The Darwin exhibition frightening off corporate sponsors

by Nicholas Wapshott

www.telegraph.co.uk, November 20, 2005

 

An exhibition celebrating the life of Charles Darwin has failed to find a corporate sponsor because American companies are anxious not to take sides in the heated debate between scientists and fundamentalist Christians over the theory of evolution.

The entire $3 million (£1.7 million) cost of Darwin, which opened at the American Museum of Natural History in New York yesterday, is instead being borne by wealthy individuals and private charitable donations.

The failure of American companies to back what until recently would have been considered a mainstream educational exhibition reflects the growing influence of fundamentalist Christians, who are among President George W Bush's most vocal supporters, over all walks of life in the United States.

While the Darwin exhibition has been unable to find a business backer - unlike previous exhibitions at the museum - the Creationist Museum near Cincinatti, Ohio, which takes literally the Bible's account of creation, has recently raised $7 million in donations.

The outbreak of corporate cold feet has shocked New York's intellectuals. "It is a disgrace that large companies should shy away from such an important scientific exhibition," said a trustee of another prominent museum in the city, who was told of the exhibition's funding problem by a trustee of the AMNH.

"They tried to find corporate sponsors, but everyone backed off."

Creationism is increasingly widely backed in America. A CBS News poll last month found that 51 per cent of Americans reject the theory of evolution, believing instead that God created humans in their present form. Another poll in August found that 38 per cent of Americans think that creationism should be taught in schools, instead of evolution.

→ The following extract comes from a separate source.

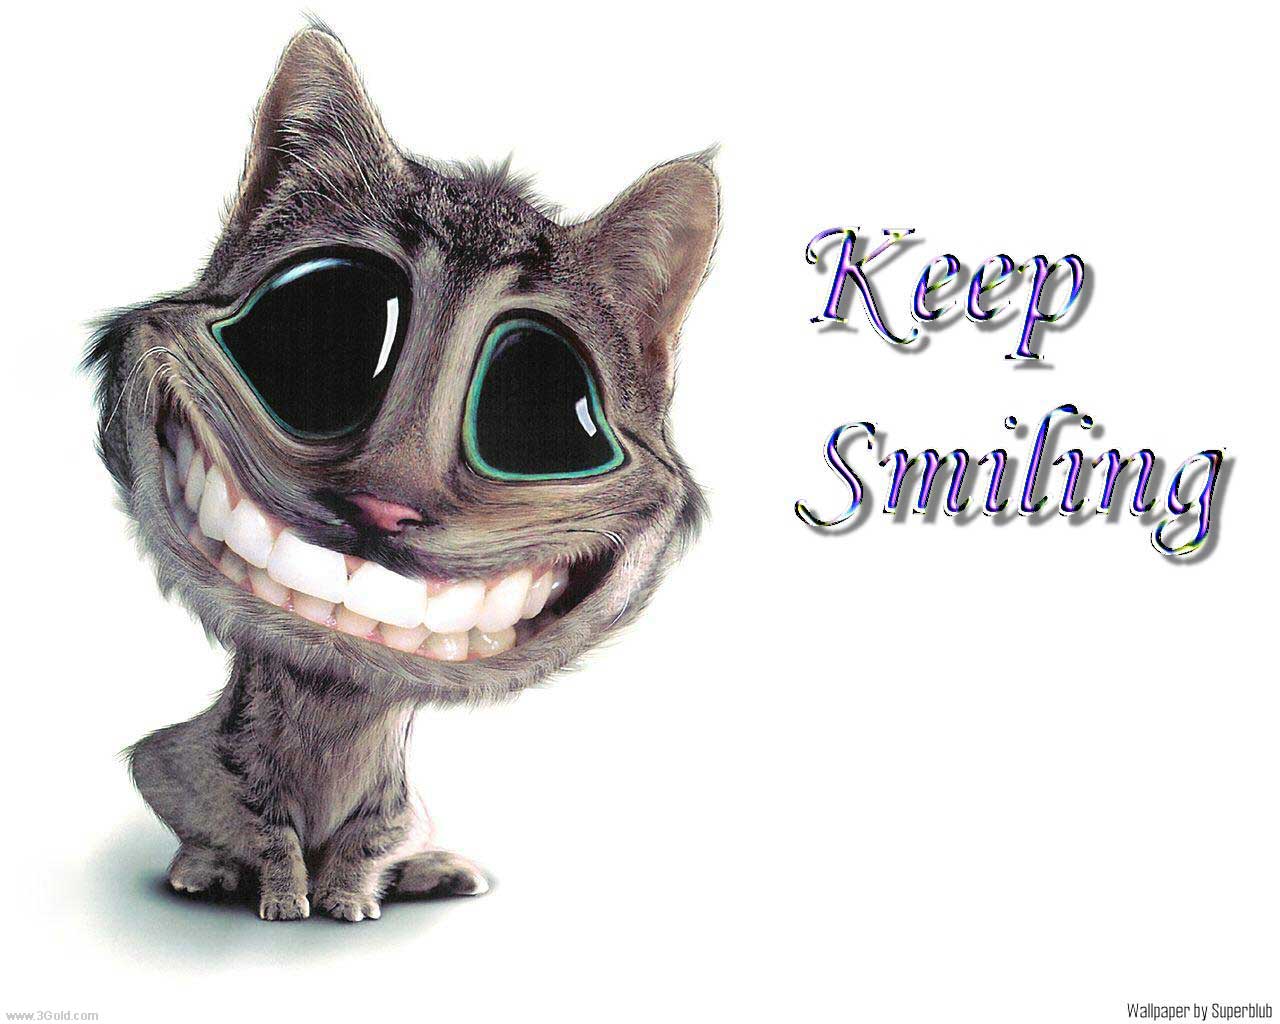 [keep_smiling.jpg]

In Dover, Pennsylvania, last week, a jury began considering a case brought by parents against a school board that insisted that "intelligent design," which argues that a supernatural force populated the earth, be taught alongside evolution in science classes.

The AMNH is coy about its failure to find corporate money to mount the exhibition, which will tour the US before moving to London's Natural History Museum in 2009 to mark the bicentenary of Darwin's birth.

Asked which companies had refused to give money, Gary Zarr, the museum's marketing director, said he would have to ask those concerned before he could identify them.

Steve Reichl, a press officer for the AMNH, said a list of forthcoming exhibitions was sent to potential sponsors and none wanted to back the Darwin exhibition. He declined to reveal which companies, or how many, had been approached.

The Bank of America previously sponsored a similar exhibition on Leonardo da Vinci and the financial services provider TIAA-CREF funded an Albert Einstein show.

A prominent Metropolitan Museum donor said: "You can understand why the Museum of Natural History might not want to admit such a thing.

"They are concerned about finding corporate funding for exhibitions in the future."

The museum will have to depend more heavily upon the profits of its Darwin-related merchandise to finance the cost of staging the exhibition, including a 12-inch Darwin doll, Darwin finger puppets and, for a $950, a replica of the vessel Beagle, made in China and assembled in Vietnam.

Niles Eldredge, the exhibition's curator, confirmed that the exhibition was intended to redress the balance in the battle between scientists and creationist Christians being fought across the country.

"This is for the schoolchildren of America," he said. "This is the evidence of evolution."